Peter Li

Biological Data Extinction
by Peter Li
As bioinformaticians, we think of biological data in terms of an experiment and as a snapshot of
some biological process. As such, we store and process large quantity of this data, and we seek to
preserve the “sanctity of this data in perpetuity”. However, our users, the biologists, never look
back at old data once they have reconciled the data by an appropriate biological model. In truth,
data in biology become extinct and replaced by an understanding of the biological processes that
generated them. The data of interest to our biologists are always the newer data that expand upon
or challenge that understanding. This generation and expiration of data, i.e. a life cycle, runs
counter to the bioinformatician’s philosophy of data existence and permanence.
What is this life cycle and why is it important ? To answer that, we need to follow the lifetime of
a typical piece of biological datum. It is first born from an experiment conducted by a researcher.
That experiment, in turn, is based on a hypothesis generated from a model for some biological
processes. This data is stored, processed, retrieved many times during the course of research. It is
accumulated until, collectively, they confirm or refute the hypothesis. However, once they
achieved their purpose, their particular contributions will be integrated into the biological models
that spawned them, i.e. “replaced” by a better understanding of biology. Afterwards, the data is
forgotten as the researcher progresses to the next hypothesis and the next experiment.

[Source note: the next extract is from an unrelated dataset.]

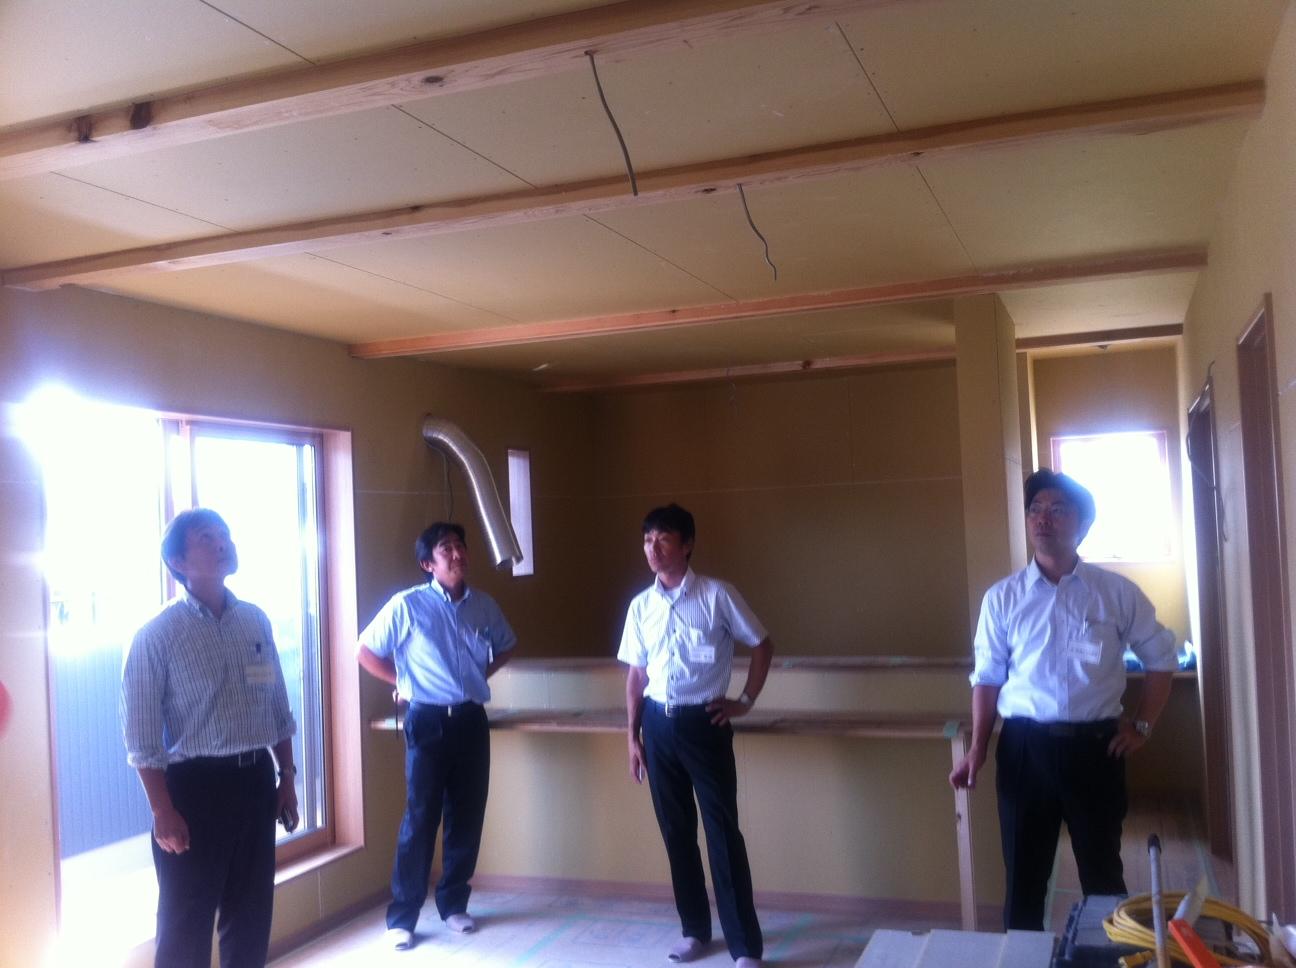 Last懇話会@浜松_e0149215_8442778.jpg

If the generation, utilization, and expiration of biological data happen in a controlled,
predictable, or designed fashion, we might have call this a “life cycle”. However, these events in
the real world often reflect the Darwinian competition of scientific thought itself, i.e. only the
fittest survives. In this case, only the most perplexing data stay to challenge the next generation
of models, while the rest unceremoniously become extinct as they are absorbed by refinements
of the scientific process. Without recognition of this fact, long running bioinformatics systems
will suffer the same fate, as they are clogged with extinct data, they ultimately will be replaced
by newer systems without such baggage.
How do bioinformatics systems avoid the fate of extinction ? Because of the inherent nature of
the data, the data must be stored and manipulated with its context of the experiment, the
hypothesis, and the model. As data, experiments, hypotheses, and models are reconciled, they are
updated, archived or removed from the system appropriately. This is easier said than done. This
expansion of information about a piece of data increases the complexity of our bioinformatics
systems (databases, algorithms, UIs, etc.). Consequently, we don’t consistently capture this
information: sometimes partially, sometimes implicitly, and sometimes not at all. Without
complete background information, we are unable to reconcile and remove data from our systems,
despite that much of it have become obsolete in the minds of our users through the course of
scientific achievements.
One might counter that, in a “hypotheses from data mining” paradigm, the experiments and the
data are considered permanent so that new hypothesis can be continuously mined from the
increasing stockpile of data. However, experimental data will change as the scientific process
improves: newer instrumentation, techniques, and procedures expand and refine the experimental
data. The newer and “cleaner” versions should deprecate older copies, but we rarely do that. In
part, the replicated experiment is not really the same as the earlier one. Therefore, the data
warehouse in support of this approach becomes clogged with extinct data and will suffer the
same fate unless it undergoes periodic cleansing.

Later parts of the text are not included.